The third column in the table above displays what the hardware texture unit is really returning to us. As you can see, since 8 bits are used for the fixed point interpolation, the 0.002 step size cannot be represented. The smallest granularity of the interpolation is 1/256 = 0.0039, which is bigger. So, the interpolant will repeat itself every few times before it jumps to the next represetable value. That means, that the colors the texture unit returs to as are not continuous values between 10.0 and 11.0, but some sort of starcase.

The image below is a screenshot of this shader https://www.shadertoy.com/view/Xsf3Dr that you can use to see the effect in your own computer. The image shows in its top half the hardware texture unit in action, interpolating between yellow and blue. The color gradient looks pretty smooth to the eye. However, taking derivatives of the signal highlights the problem. If the values in the gradient were smooth indeed, then derivative of the gradient would be constant (the derivative of a line is a constant with the value of the slope of the line). However, rather than getting a constant color, the derivative (shown in the top part of the image) shows a series of black and white areas. The black areas are the pixels in which the intepolator didn't change values due to the reduced resolution of the 8 bit arithmetic, just as in the numerical table above. The white lines are the pixels at which the interpolant got assigned a new value.

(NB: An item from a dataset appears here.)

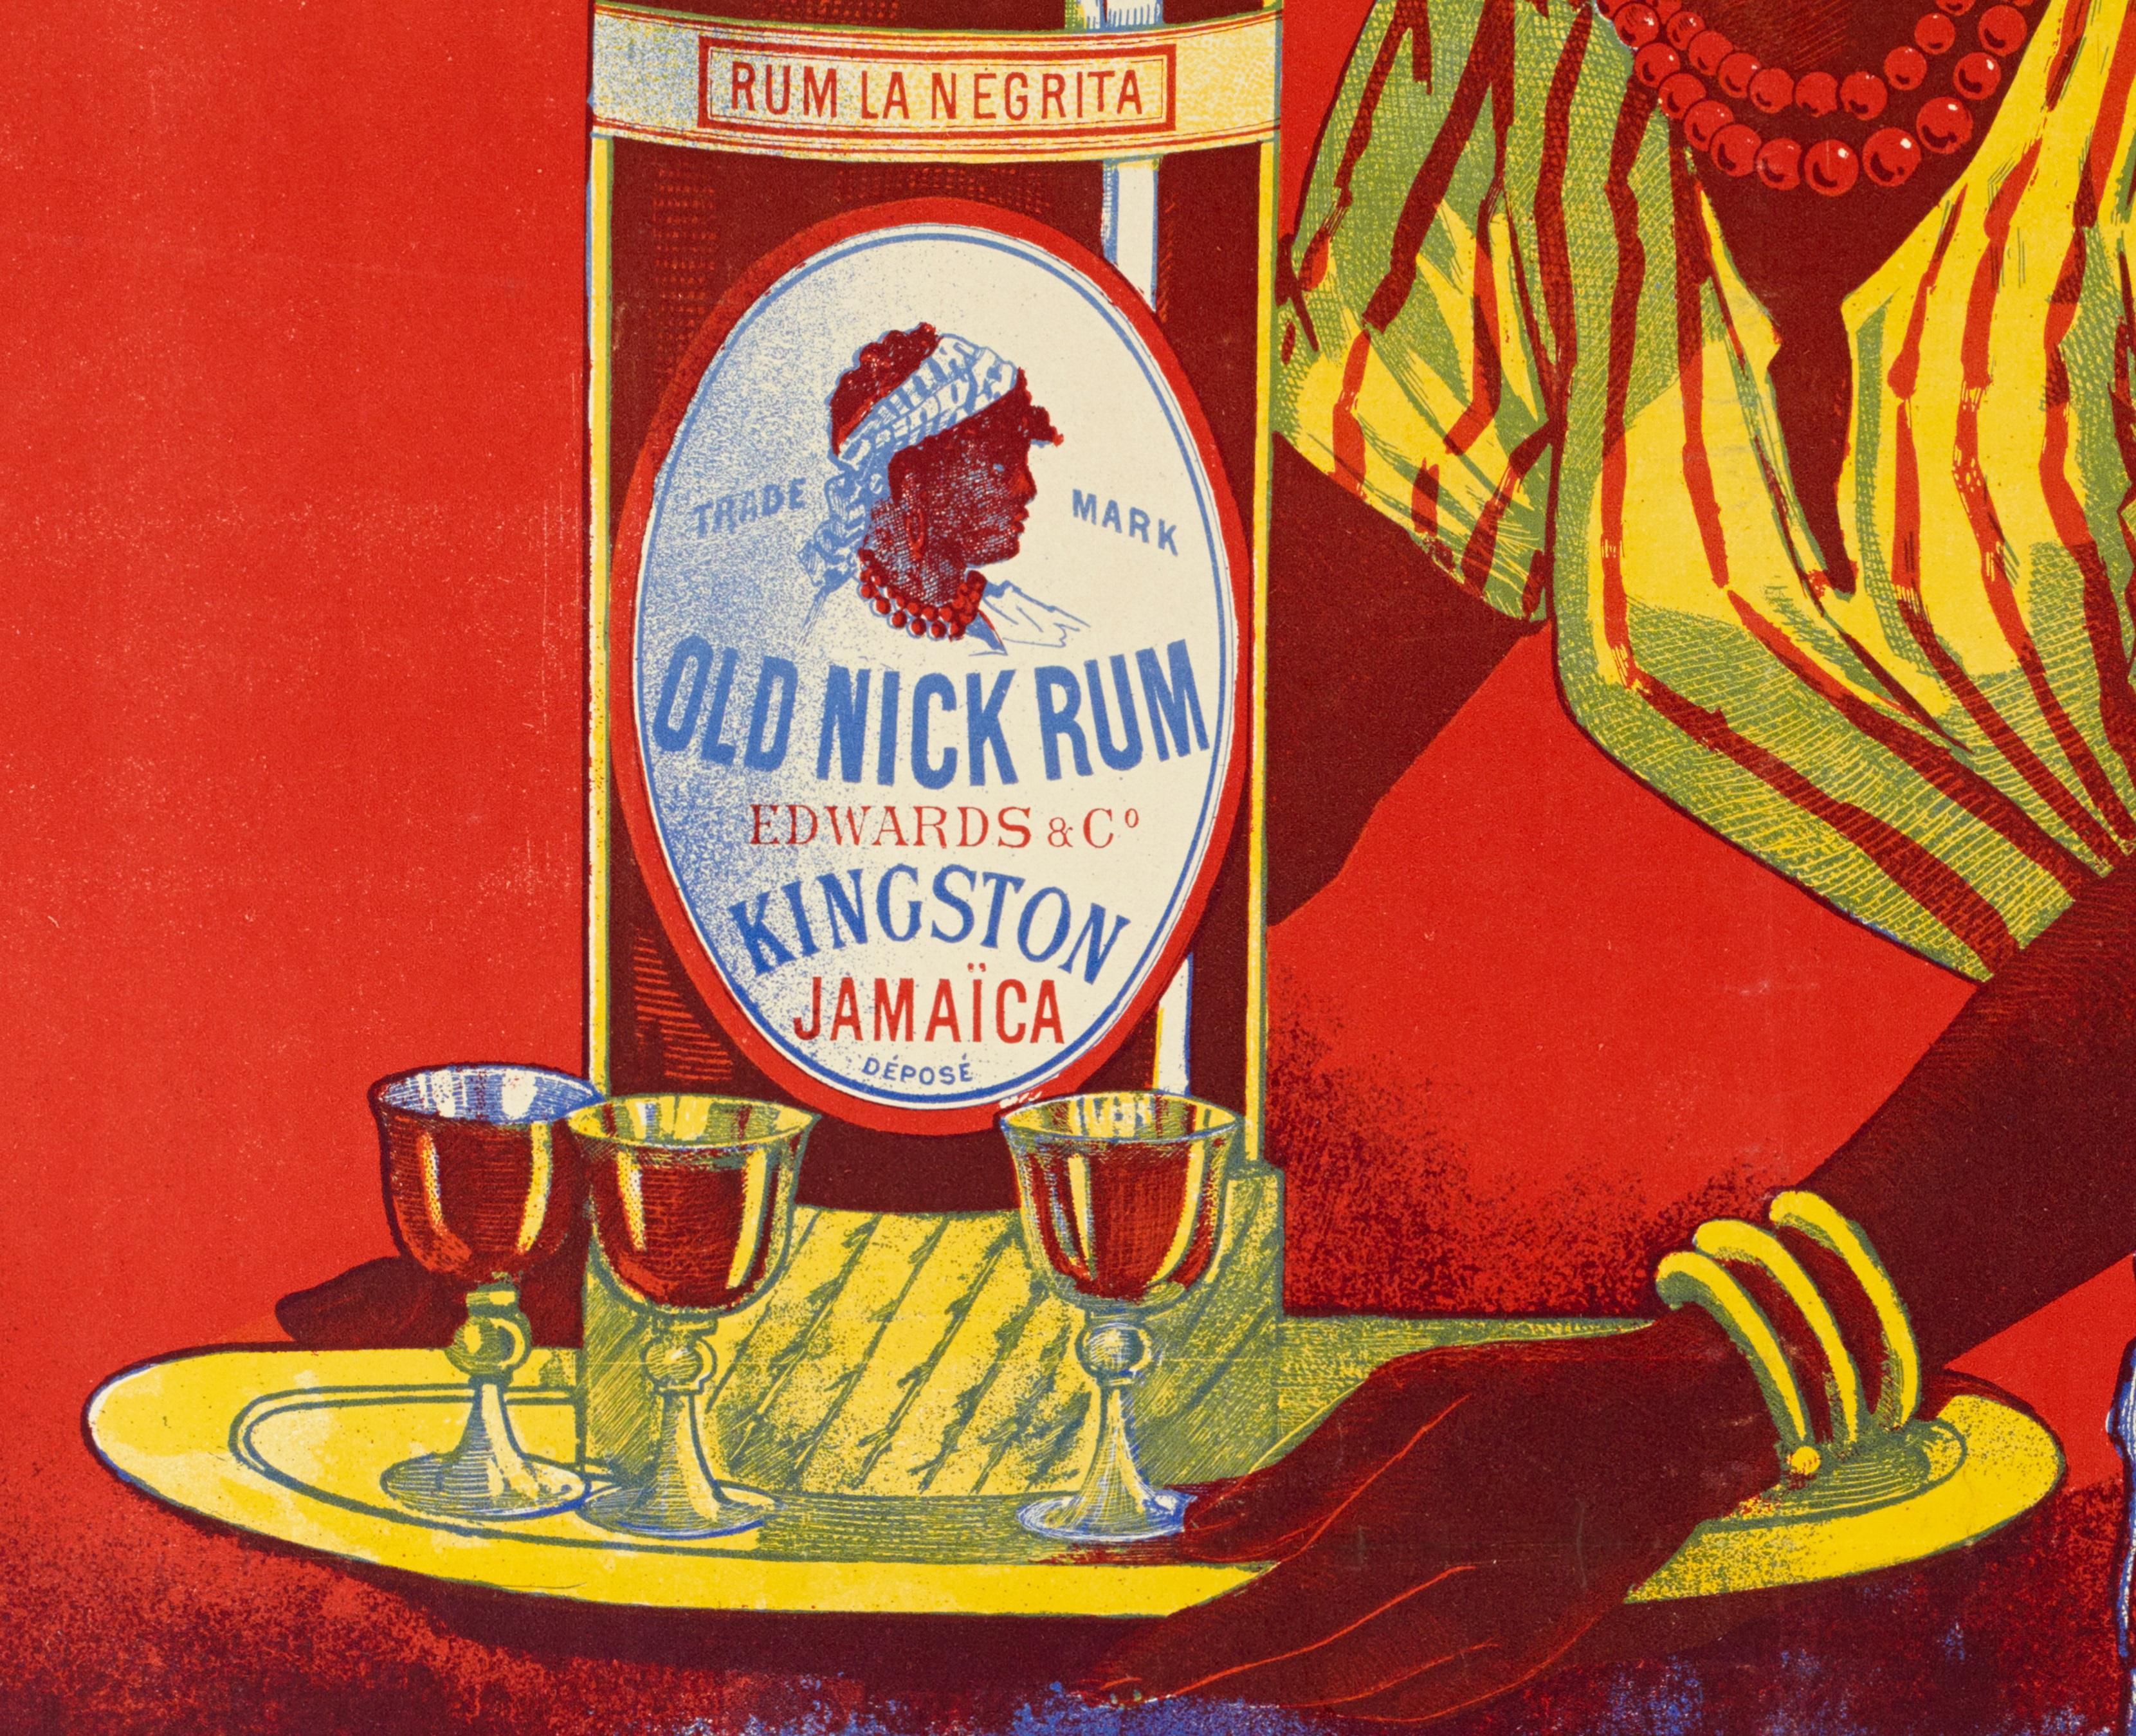 Original vintage poster-Rhum Negrita Old Nick-West Indies-Sugar Cane, 1899

We see a West Indie woman in a striped outfit. She holds a tray in her hands on that is placed a bottle of rum and three full glasses. The background is composed of three

Realtime demonstration of the problem: https://www.shadertoy.com/view/Xsf3Dr


The second half of the image shows the correct linear interpolation of the same two colors, which looks visually very similar to the hardware interpolator. The bottom part of the image shows a constant color, which is the expected constant derivative between the blue and yellow colors.

How to workaround it


The fix to the problem is easy - do not use the hardware interpolator, but do the bilinear filtering by hand. Or in other words, rather than doing:

// regular texture fetching
vec4 textureBad( sampler2D sam, vec2 uv )
{
    return texture( sam, uv );
}
do this instead:
// improved bilinear interpolated texture fetch
vec4 textureGood( sampler2D sam, vec2 uv )
{
    vec2 res = textureSize( sam );

    vec2 st = uv*res - 0.5;

    vec2 iuv = floor( st );
    vec2 fuv = fract( st );

    vec4 a = texture( sam, (iuv+vec2(0.5,0.5))/res );
    vec4 b = texture( sam, (iuv+vec2(1.5,0.5))/res );
    vec4 c = texture( sam, (iuv+vec2(0.5,1.5))/res );
    vec4 d = texture( sam, (iuv+vec2(1.5,1.5))/res );

    return mix( mix( a, b, fuv.x),
                mix( c, d, fuv.x), fuv.y );
}
Of course the solution requires 4 times the amount of texture fetches, which might or might not be a problem depending on your application. Luckily these are cache friendly, so probably it is not that bad. You might want to use texelFetch() or textureGather() to do get the four pixel values instead of texture().

Depending on the application, the visual difference between the default texture interpolation and the improved one can be massive, as seen in the first image of the article which is magnified below. This type of error is even more observable under animated cameras.